Burns Stephen F, Lee SoJung, Bacha Fida, Tfayli Hala, Hannon Tamara S, Arslanian Silva A
Division of Weight Management and Wellness, Metabolism and Diabetes Mellitus, Children's Hospital of Pittsburgh of UPMC, Pittsburgh, PA 15201; Physical Education and Sports Science Academic Group, Nanyang Technological University, Singapore 637616.
Division of Weight Management and Wellness, Metabolism and Diabetes Mellitus, Children's Hospital of Pittsburgh of UPMC, Pittsburgh, PA 15201.
Metabolism. 2014 Dec;63(12):1528-35. doi: 10.1016/j.metabol.2014.08.008. Epub 2014 Aug 27.
To compare atherogenic lipoprotein particles and vascular smooth muscle biomarkers in overweight youth with pre-diabetes (PD) vs. normal glucose tolerance (NGT).
144 adolescents (60 black, 84 white; 102 female; PD=45, NGT=99) aged 10-19 years underwent a fasting blood draw and 2-h OGTT. Lipoprotein particle size and subclass concentration and vascular smooth muscle biomarkers (ICAM-1, VCAM-1 and E-selectin) were compared between youth with PD and NGT.
Compared with NGT, PD adolescents had smaller LDL (mean±SE: 20.5±0.1 vs. 21.0±0.1 nm; P=0.002) and HDL (8.62±0.05 vs. 8.85±0.04 nm; P=0.013) size and elevated medium small (159.2±10.3 vs. 123.8±6.4 nmol/L; P=0.037) and very small (626.3±45.4 vs. 458.5±26.4 nmol/L; P=0.032) LDL particle concentrations, after adjustment for race and BMI. Further adjusting for fasting insulin or visceral adiposity obviated these differences between the groups except for LDL size. ICAM-1 and E-selectin did not differ in youth with PD but correlated with LDL and HDL size, and small LDL particle concentrations.

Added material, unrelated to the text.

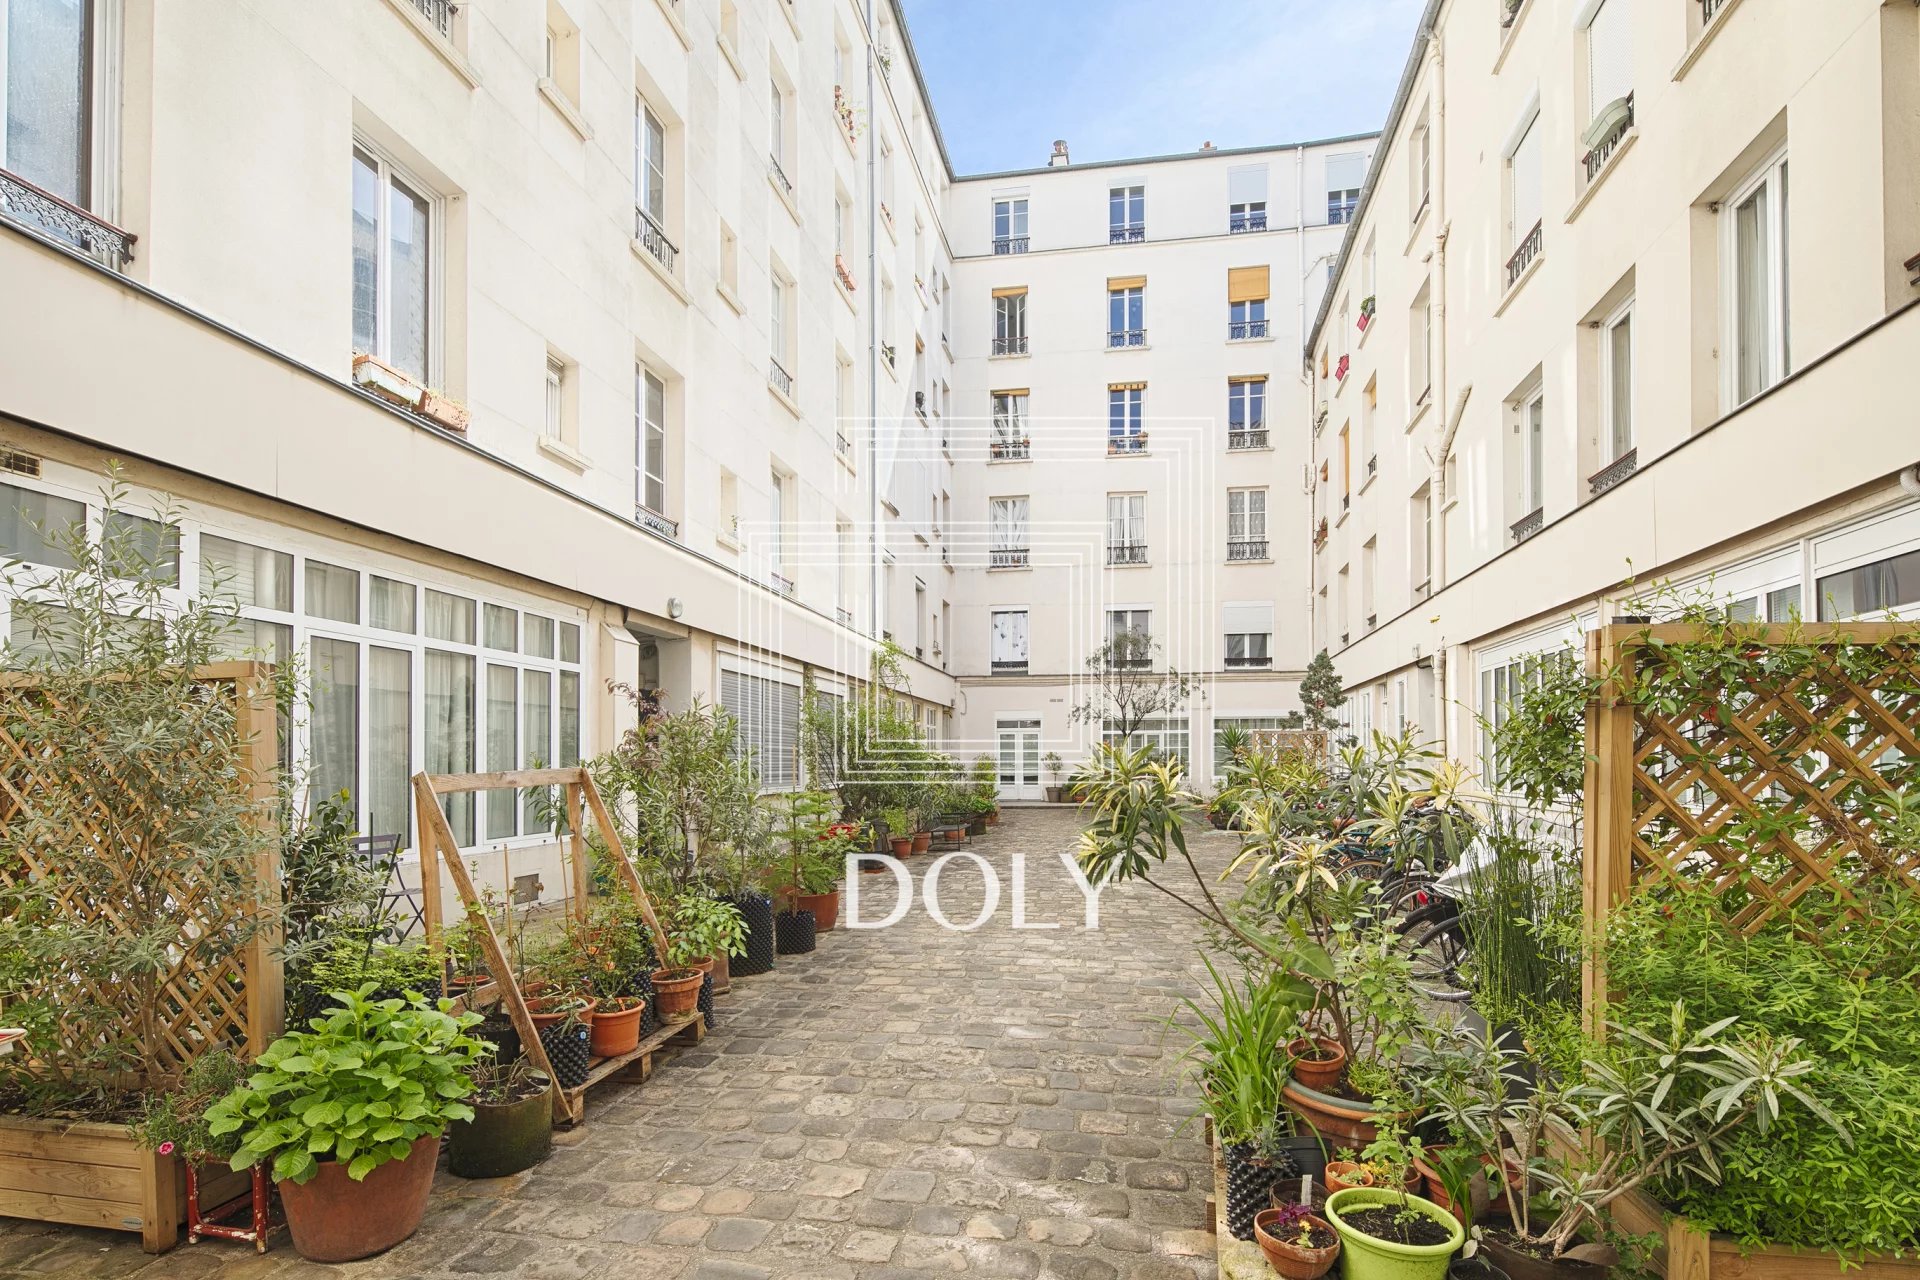 Appartement 2 pièces 34.4m2 // République-St Ambroise // 75011 Paris

Overweight adolescents with PD have an atherogenic lipoprotein profile of small LDL and HDL size and increased concentrations of small LDL, moderated by insulin resistance and visceral adiposity, but independently driven by dysglycemia for LDL size. Associations between smooth muscle biomarkers and lipoproteins could be an early signal heralding the atherogenic process. It remains to be determined if correction of dysglycemia and associated lipoprotein abnormalities in obese youth could prove effective in halting this process.
比较超重的糖尿病前期(PD)青年与糖耐量正常(NGT)青年的致动脉粥样硬化脂蛋白颗粒和血管平滑肌生物标志物。
144名年龄在10至19岁的青少年(60名黑人,84名白人;102名女性;PD组45人,NGT组99人)进行了空腹抽血和2小时口服葡萄糖耐量试验(OGTT)。比较了PD青年和NGT青年的脂蛋白颗粒大小、亚类浓度以及血管平滑肌生物标志物(细胞间黏附分子-1、血管细胞黏附分子-1和E-选择素)。
与NGT相比,校正种族和体重指数(BMI)后,PD青少年的低密度脂蛋白(LDL)(均值±标准误:20.5±0.1 vs. 21.0±0.1 nm;P = 0.002)和高密度脂蛋白(HDL)(8.62±0.05 vs. 8.85±0.04 nm;P = 0.013)颗粒较小,中、小LDL颗粒浓度升高(159.2±10.3 vs. 123.8±6.4 nmol/L;P = 0.037),极小微LDL颗粒浓度升高(626.3±45.4 vs. 458.5±26.4 nmol/L;P = 0.032)。进一步校正空腹胰岛素或内脏脂肪后,除LDL大小外,两组间的这些差异消失。PD青年的细胞间黏附分子-1和E-选择素无差异,但与LDL和HDL大小以及小LDL颗粒浓度相关。
超重的PD青少年具有致动脉粥样硬化的脂蛋白谱,即LDL和HDL颗粒较小,小LDL浓度增加,这受胰岛素抵抗和内脏脂肪影响,但LDL大小独立受血糖异常驱动。平滑肌生物标志物与脂蛋白之间的关联可能是动脉粥样硬化过程的早期信号。肥胖青年中血糖异常及相关脂蛋白异常的纠正是否能有效阻止这一过程仍有待确定。